* Your objective
Give the data back exactly. Leave out any images.

* Given data
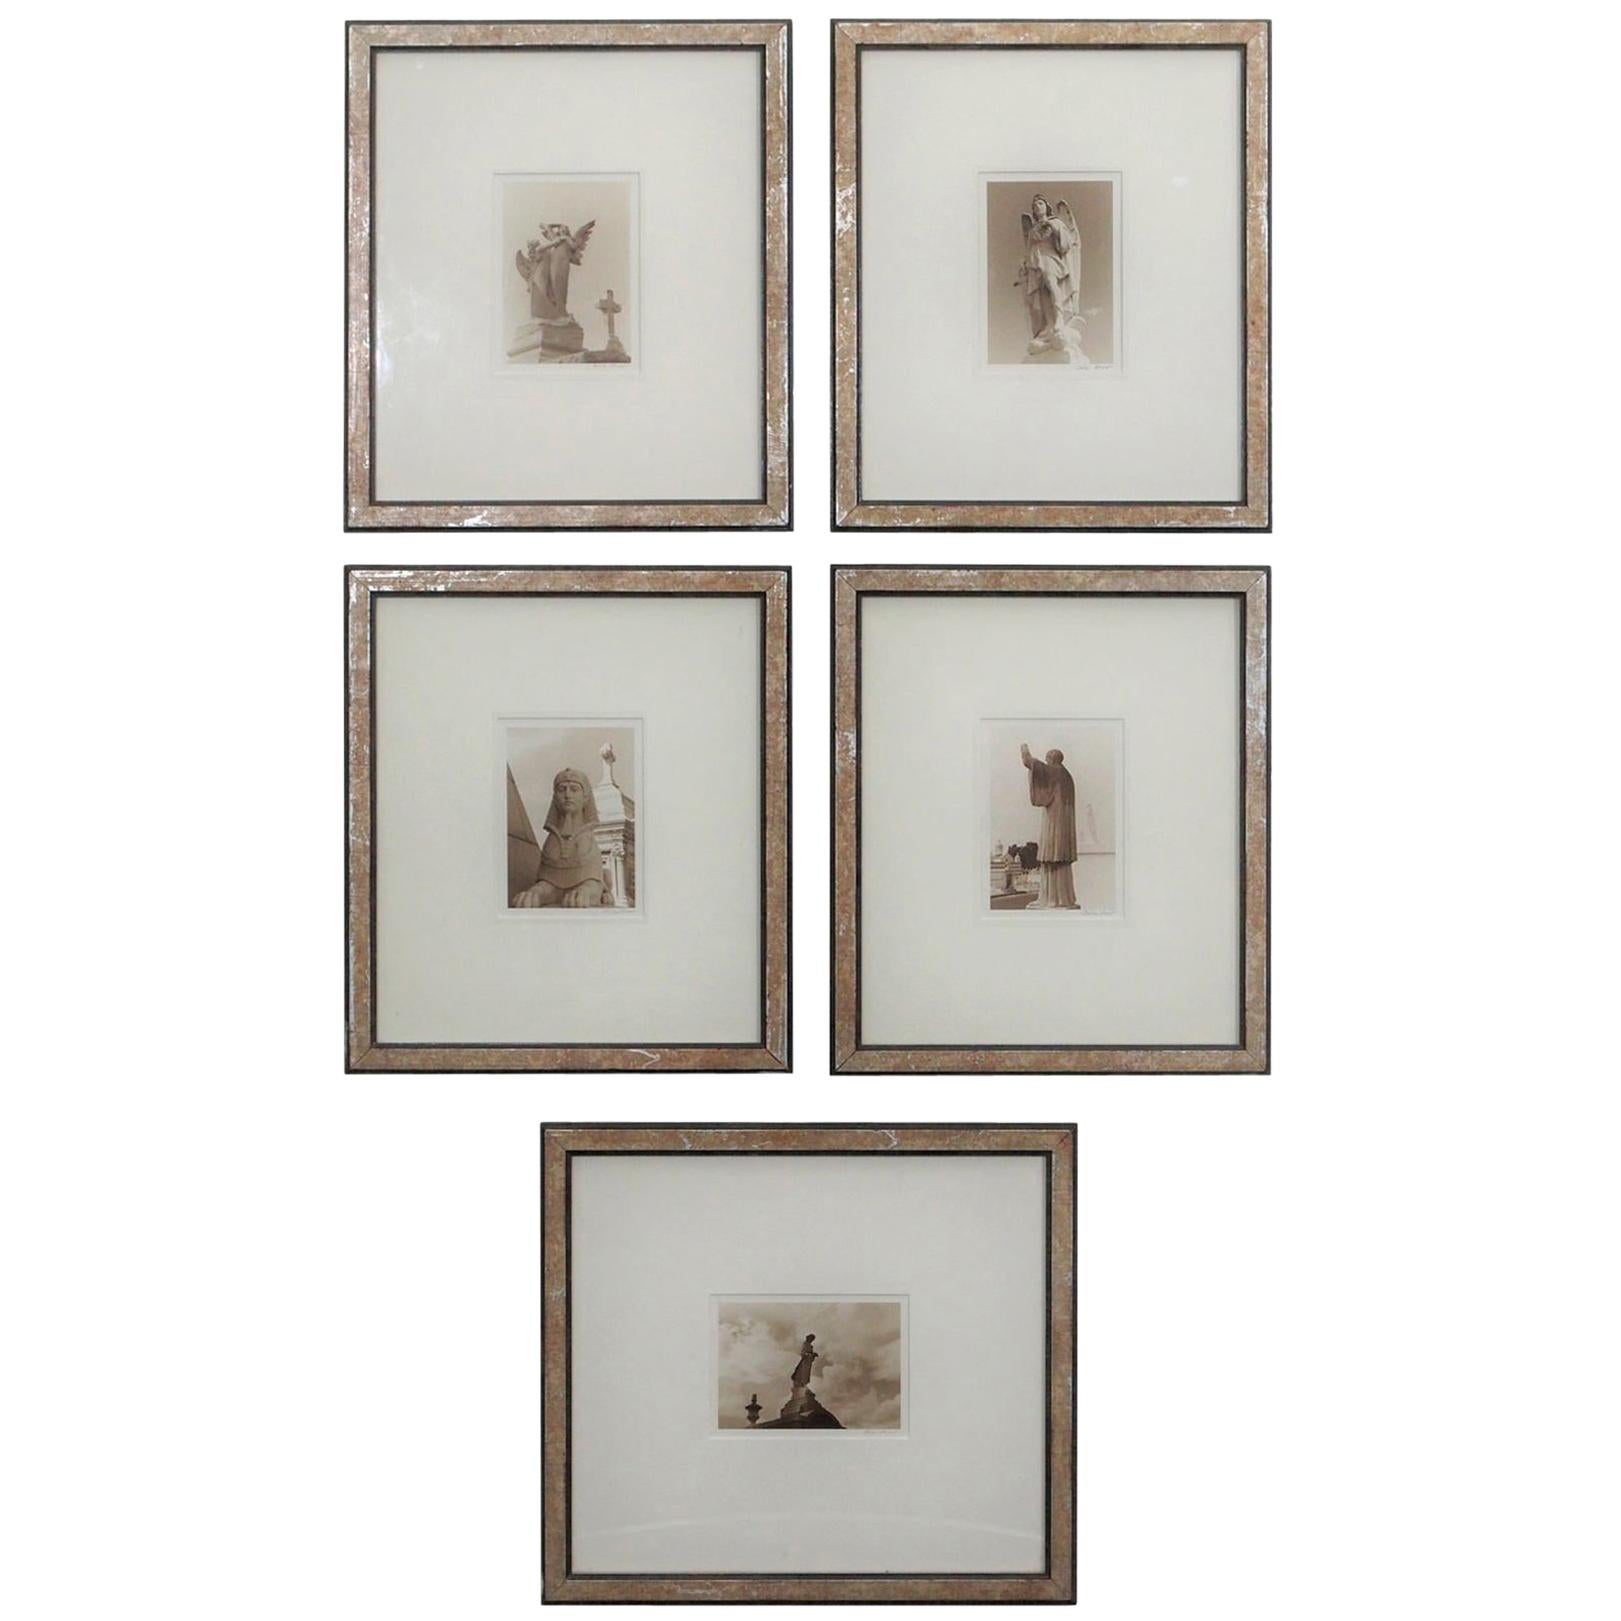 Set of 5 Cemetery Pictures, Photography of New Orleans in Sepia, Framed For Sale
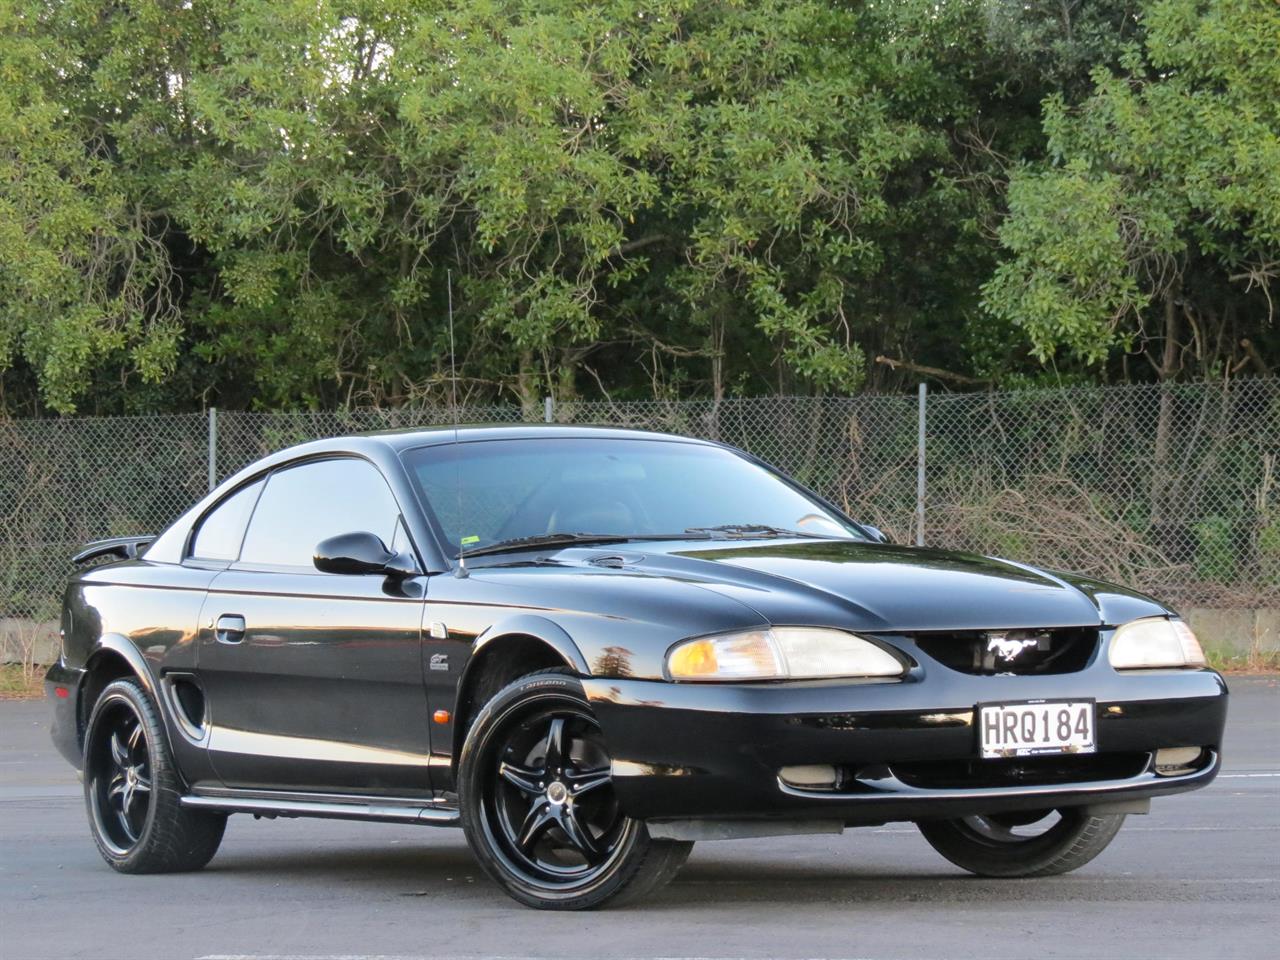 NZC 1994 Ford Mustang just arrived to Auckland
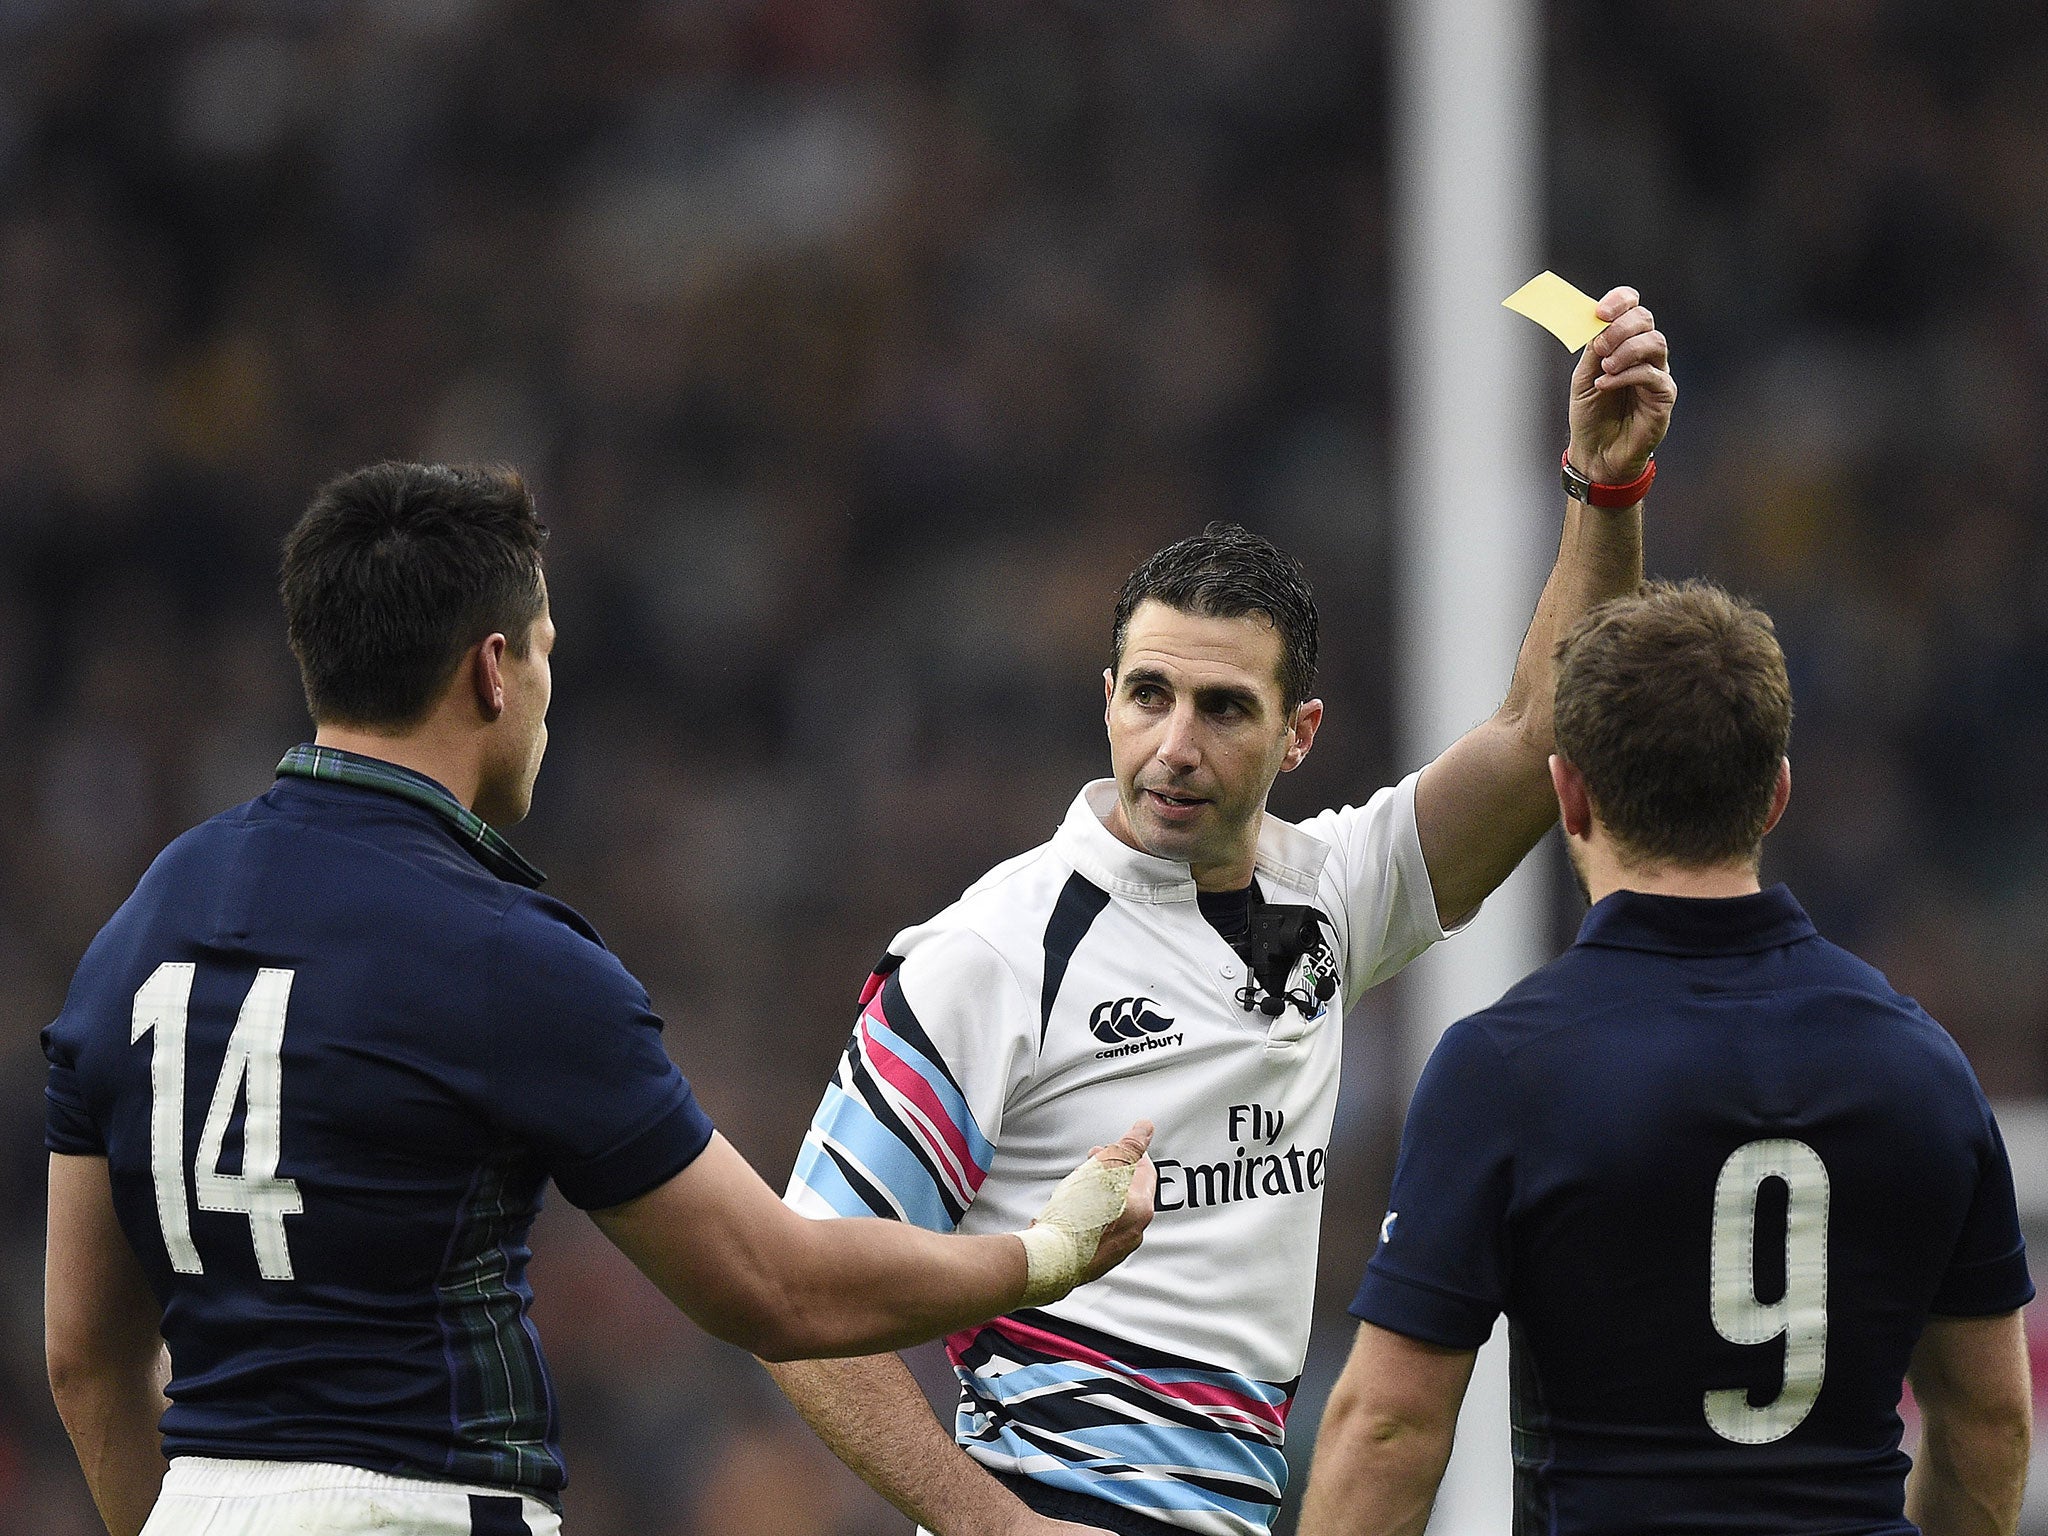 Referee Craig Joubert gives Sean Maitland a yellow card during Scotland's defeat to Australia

* Answer to this exercise
 Set of 5 Cemetery Pictures, Photography of New Orleans in Sepia, Framed For Sale
 NZC 1994 Ford Mustang just arrived to Auckland
 Referee Craig Joubert gives Sean Maitland a yellow card during Scotland's defeat to Australia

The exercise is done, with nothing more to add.